Braga Eleonora, Senchenko Vera, Bazov Igor, Loginov Witaly, Liu Jian, Ermilova Valeria, Kazubskaya Tatiana, Garkavtseva Raisa, Mazurenko Natalia, Kisseljov Fedor, Lerman Michael I, Klein George, Kisselev Lev, Zabarovsky Eugene R
Russian State Genetics Center, Moscow, Russia.
Int J Cancer. 2002 Aug 10;100(5):534-41. doi: 10.1002/ijc.10511.
To ascertain the involvement of human chromosome 3p and its established critical TSG regions in various epithelial malignancies, 21 polymorphic and 2 nonpolymorphic 3p markers were allelotyped in nonpapillary RCC, NSCLC, CC and BC from a total of 184 patients. LOH was observed with high frequency in all types of cancer studied: RCC (52/57, 91%), BC (41/51, 80%), NSCLC (30/40, 75%) and CC (27/36, 75%). Interstitial deletions, believed to signal TSG inactivation, were verified using the "L-allele rule" and real-time quantitative PCR. Significant correlation was observed between DNA copy numbers for 2 nonpolymorphic STS markers and LOH data for adjacent polymorphic loci. Interstitial deletions in 3p were demonstrated for all cancer types studied. However, the distribution of different types of deletion was characteristic for tumors from various locations. Large terminal deletions were predominantly seen in RCC and NSCLC (51% and 40%, respectively), correlating with clear cell RCC and squamous cell carcinomas of the lung. In addition to the LUCA region at 3p21.3 (centromeric), we found that the AP20 region (3p21.3, telomeric) was frequently affected in all 4 cancers, suggesting that this newly defined critical region contains multiple TSGs. Moreover, at least 3 candidate cancer-specific loci were identified.

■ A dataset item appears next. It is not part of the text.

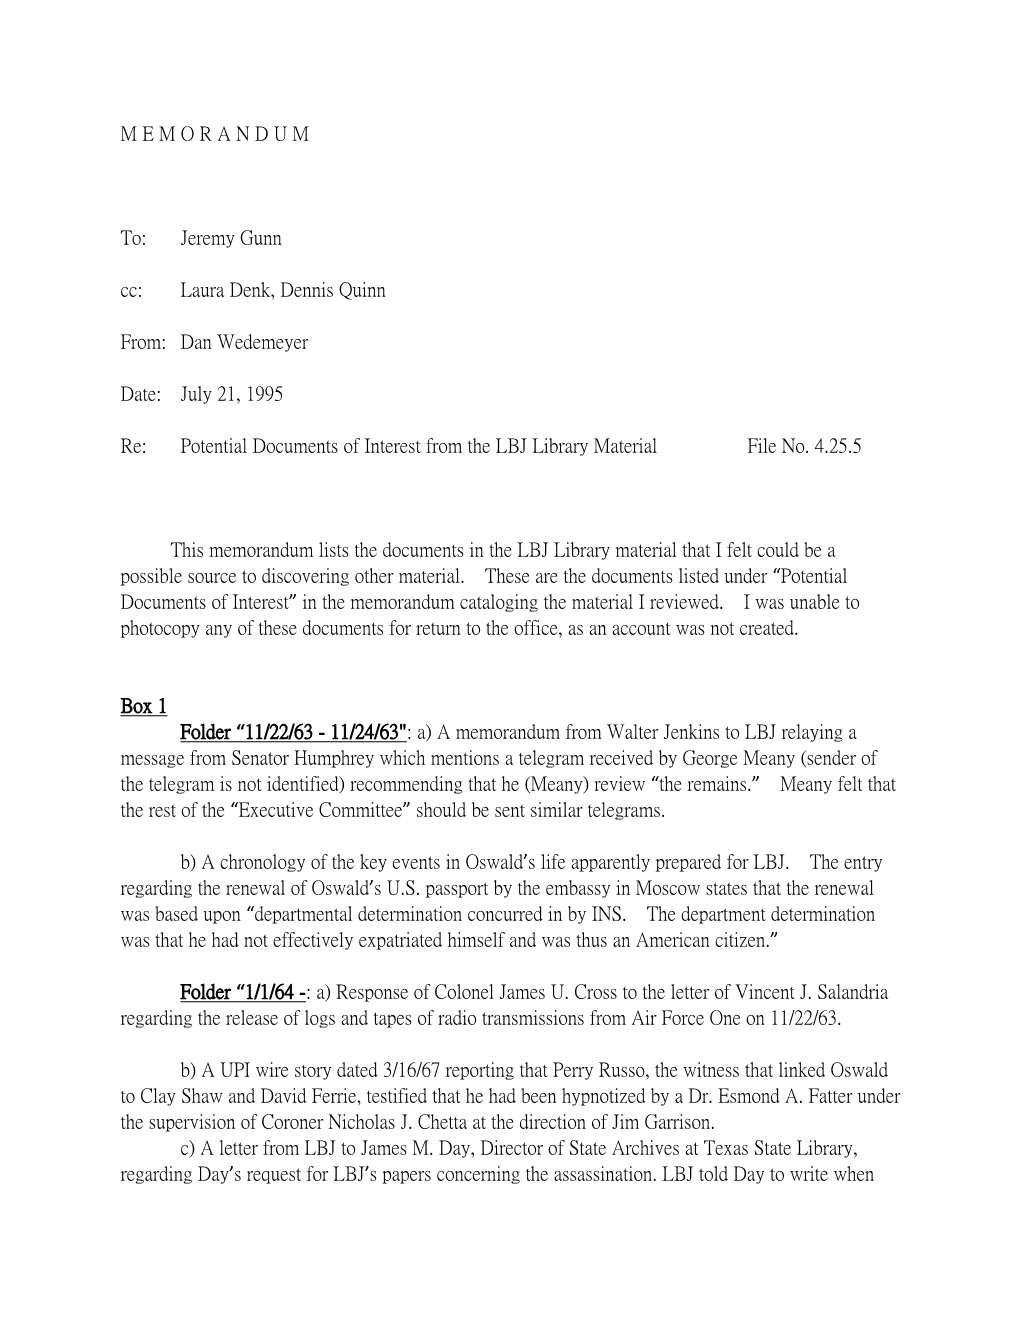 Memorandum to the Secret Service from Tom Johnson Regarding the Information of a “Berzon” on the Assassination

The telomeric 3p26.1-p25.3 region was predominantly deleted in RCC and NSCLC. The D3S1286 and D3S3047 markers (3p25.2-p24.3) were deleted nonrandomly in NSCLC. High-frequency LOH was detected in a segment mapped closely distal to the LUCA site (3p21.3), around the D3S2409 and D3S2456 markers.
为确定人类染色体3p及其已明确的关键抑癌基因区域在各种上皮性恶性肿瘤中的作用,对总共184例患者的非乳头状肾细胞癌、非小细胞肺癌、宫颈癌和乳腺癌进行了21个多态性和2个非多态性3p标记的等位基因分型。在所研究的所有癌症类型中均高频观察到杂合性缺失:肾细胞癌(52/57,91%)、乳腺癌(41/51,80%)、非小细胞肺癌(30/40,75%)和宫颈癌(27/36,75%)。使用“L等位基因规则”和实时定量PCR验证了被认为提示抑癌基因失活的间质缺失。观察到2个非多态性序列标签位点(STS)标记的DNA拷贝数与相邻多态性位点的杂合性缺失数据之间存在显著相关性。在所研究的所有癌症类型中均证实了3p的间质缺失。然而,不同类型缺失的分布在来自不同部位的肿瘤中具有特征性。大的末端缺失主要见于肾细胞癌和非小细胞肺癌(分别为51%和40%),与肾透明细胞癌和肺鳞状细胞癌相关。除了3p21.3(着丝粒)处的LUCA区域外,我们发现AP20区域(3p21.3,端粒)在所有4种癌症中均经常受到影响,这表明这个新定义的关键区域包含多个抑癌基因。此外,至少鉴定出3个候选癌症特异性位点。端粒3p26.1 - p25.3区域在肾细胞癌和非小细胞肺癌中主要缺失。D3S1286和D3S3047标记(3p25.2 - p24.3)在非小细胞肺癌中呈非随机缺失。在LUCA位点(3p21.3)远端紧密定位的一个区段,围绕D3S2409和D3S2456标记检测到高频杂合性缺失。